Raise enough to hit two objective proofs and one commercial conversion, typically 12–18 months of runway plus buffers.
Q3: Are SAFEs okay for deeptech.
Yes at pre-seed/seed for speed, but consider a priced round once pilots validate economics and you need structured governance.
Q4: How do I keep strategics from slowing me down.
Seek commercial agreements with limited exclusivity, set timelines, and optionality on future collaboration.
Q5: What belongs in a deeptech data room that software companies often skip.
Failure analysis, yield curves, supplier quotes, and regulatory planning documents.
Q6: How do I talk TAM if my market is new.
Tie to existing spend you displace, show unlock TAM with analogs, and map both to milestones and pricing.

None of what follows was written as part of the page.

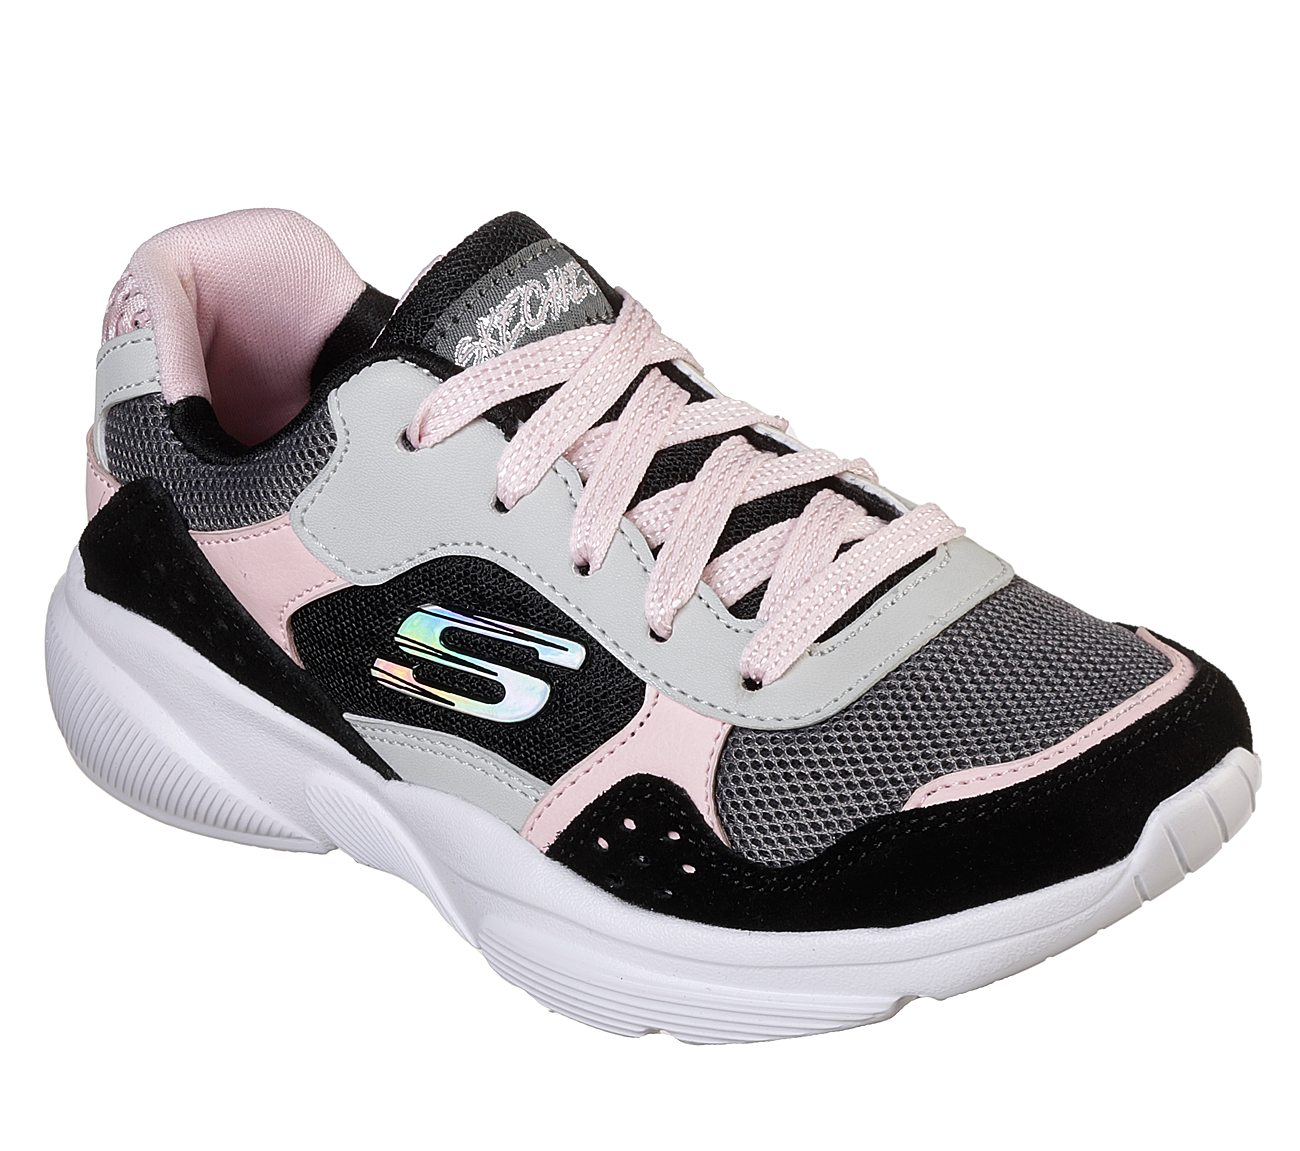 Buy SKECHERS Meridian Charted Sport Shoes Y4zCk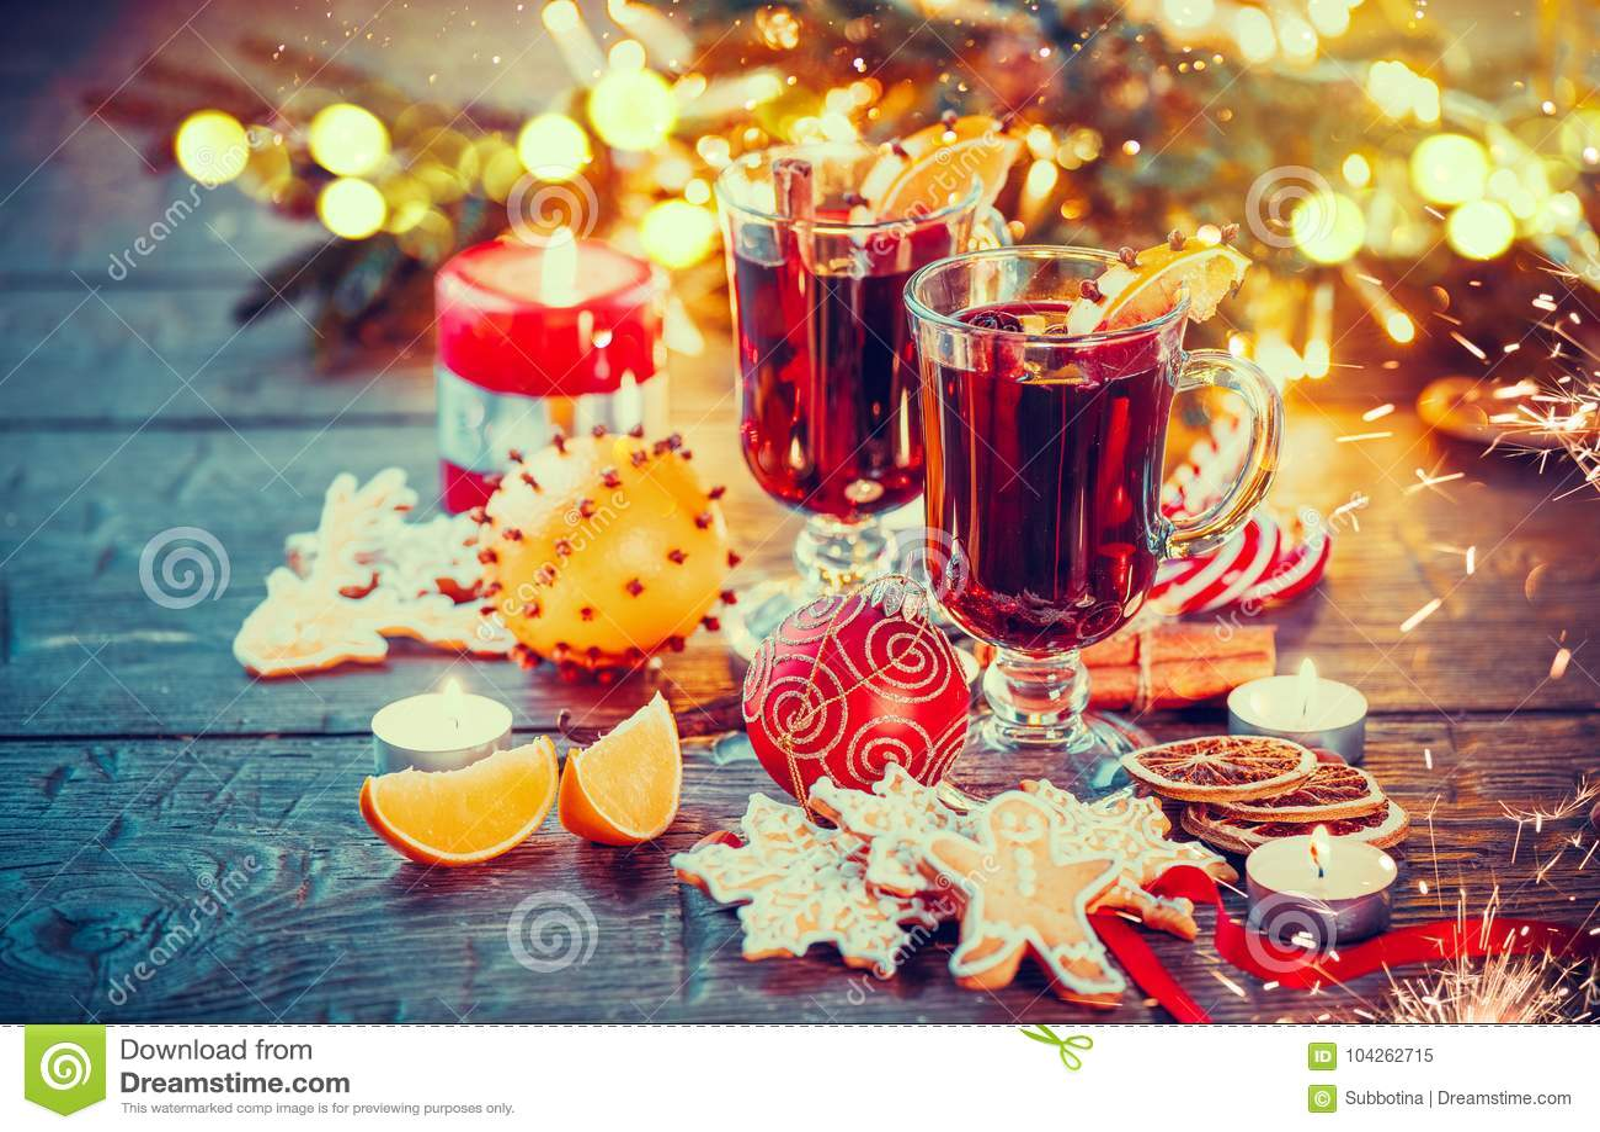 Download 圣诞节被仔细考虑的酒在度假装饰了桌 库存图片. 图片 包括有 节假日, 片式, 玻璃, 蜡烛, 桂香, 食物 - 104262715

Q7: What’s a good sign an investor is a tourist in deeptech.
They fixate on vanity metrics, avoid talking about yield and qualification, and won’t commit specific intros or reserves.
Q8: How do I price pilots.
Charge enough to cover costs and signal value, with a pre-agreed conversion price and volume if success criteria are met.
Q9: How do I prepare for technical diligence.
Pre-write memos that explain results, gaps, and next steps, and organize raw data with context and version history.
Q10: Should I pursue non-dilutive funding early.
Yes if it maps to your next de-risking step and doesn’t pull you into scope that delays commercial proof.
David Friedberg’s All-In Podcast guidance boils down to building a business around your science, de-risking with purpose, and speaking the language of customers and factories.
If you frame milestones, capital, and risk this way, you’ll raise faster, negotiate better, and build a more resilient company.
Use the scripts, checklists, and linked resources to turn investor interest into term sheets.
For more investor insights and practical playbooks, keep exploring Capitaly.vc.
All-In Podcast Highlights: David Friedberg’s Best Advice for Deeptech Founders Raising Capital becomes your operating manual when every experiment converts to commercial traction.